Merz sieht Zusagen von Scholz bei Verteidigungsausgaben nicht erfüllt
Unionsfraktionschef Friedrich Merz (CDU) hat Bundeskanzler Olaf Scholz (SPD) vorgeworfen, sein vor einem Jahr ausgerufenes Ziel bei der Erhöhung der Verteidigungsausgaben nicht eingehalten zu haben.
Statt sofort das Nato-Ziel von mehr als zwei Prozent der Wirtschaftsleistung zu erreichen, sei der Verteidigungshaushalt in diesem Jahr sogar um 300 Millionen Euro gesunken, sagte Merz am Donnerstag in seiner Replik auf die Regierungserklärung von Scholz zu «ein Jahr Zeitenwende» im Bundestag. «Wir entfernen uns von diesem Ziel.»
Von dem nach dem Beginn des russischen Angriffskrieg gegen die Ukraine beschlossenen Sondervermögen von 100 Milliarden Euro für die Bundeswehr seien bisher erst 600 Millionen Euro ausgegeben. «Und weitere Bestellungen lassen auf sich warten.» Sicherheit in Europa müsse nun gegen Russland organisiert werden, sagte Merz. «Und dazu, Herr Bundeskanzler, müssen Entscheidungen getroffen werden und nicht nur Regierungserklärungen abgegeben werden.»

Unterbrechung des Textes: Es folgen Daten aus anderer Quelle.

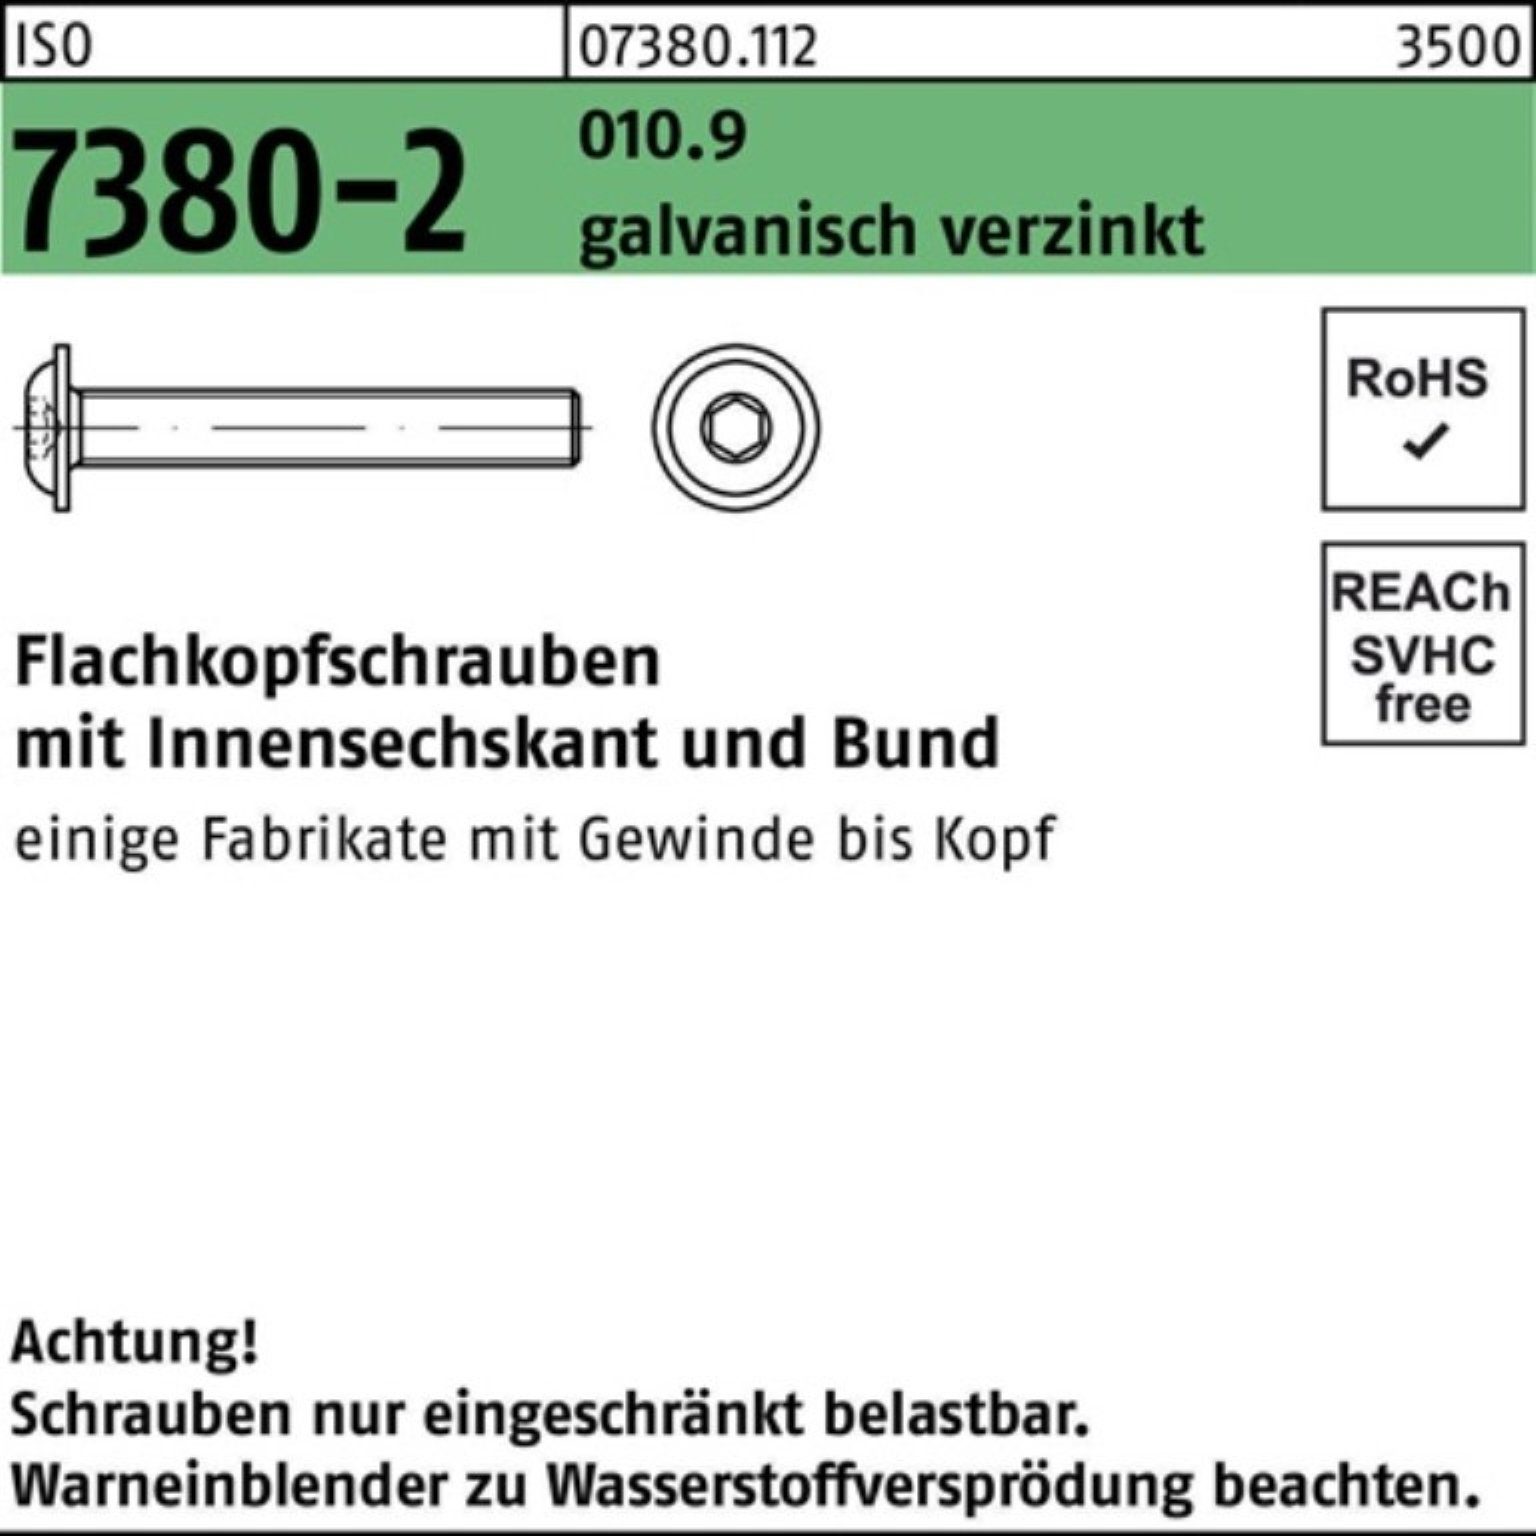 Flachkopfschraube Reyher 010.9 Bund/Innen-6kt ISO 200er 7380-2 ga Pack Schraube M10x20

Scholz hatte das Sondervermögen in seiner «Zeitenwende»-Rede im Bundestag am 27. Februar vergangenen Jahres nach dem Beginn des russischen Angriffskriegs gegen die Ukraine angekündigt. Zu den Verteidigungsausgaben sagte er damals: «Wir werden von nun an – Jahr für Jahr – mehr als zwei Prozent des Bruttoinlandsprodukts in unsere Verteidigung investieren.»
Scholz sprach in seiner Regierungserklärung am Donnerstag davon, dass Deutschland «dauerhaft das Zwei-Prozent-Ziel der Nato erreichen» werde. «Diese Zusage, die ich hier am 27. Februar vergangenen Jahres gegeben habe, gilt.»
Nach Nato-Angaben lag der Anteil der deutschen Verteidigungsausgaben an der Wirtschaftsleistung im vergangenen Jahr unter 1,5 Prozent. Der eigentliche Verteidigungshaushalt schrumpft von 2022 auf 2023 um knapp 300 Millionen Euro auf 50,1 Milliarden Euro, nachdem Bundesfinanzminister Christian Lindner (FDP) ab diesem Jahr wieder die Schuldenbremse im Grundgesetz einhält.
Nach einer Studie des Instituts der deutschen Wirtschaft (IW) wird Deutschland das Zwei-Prozent-Ziel voraussichtlich erst 2024 und 2025 erreichen – nämlich dann, wenn Ausgaben aus dem Sondervermögen zu Buche schlagen. Ab 2026 wäre Deutschland demnach voraussichtlich wieder unter zwei Prozent, wenn der reguläre Verteidigungshaushalt nicht «um mindestens fünf Prozent» pro Jahr steigt.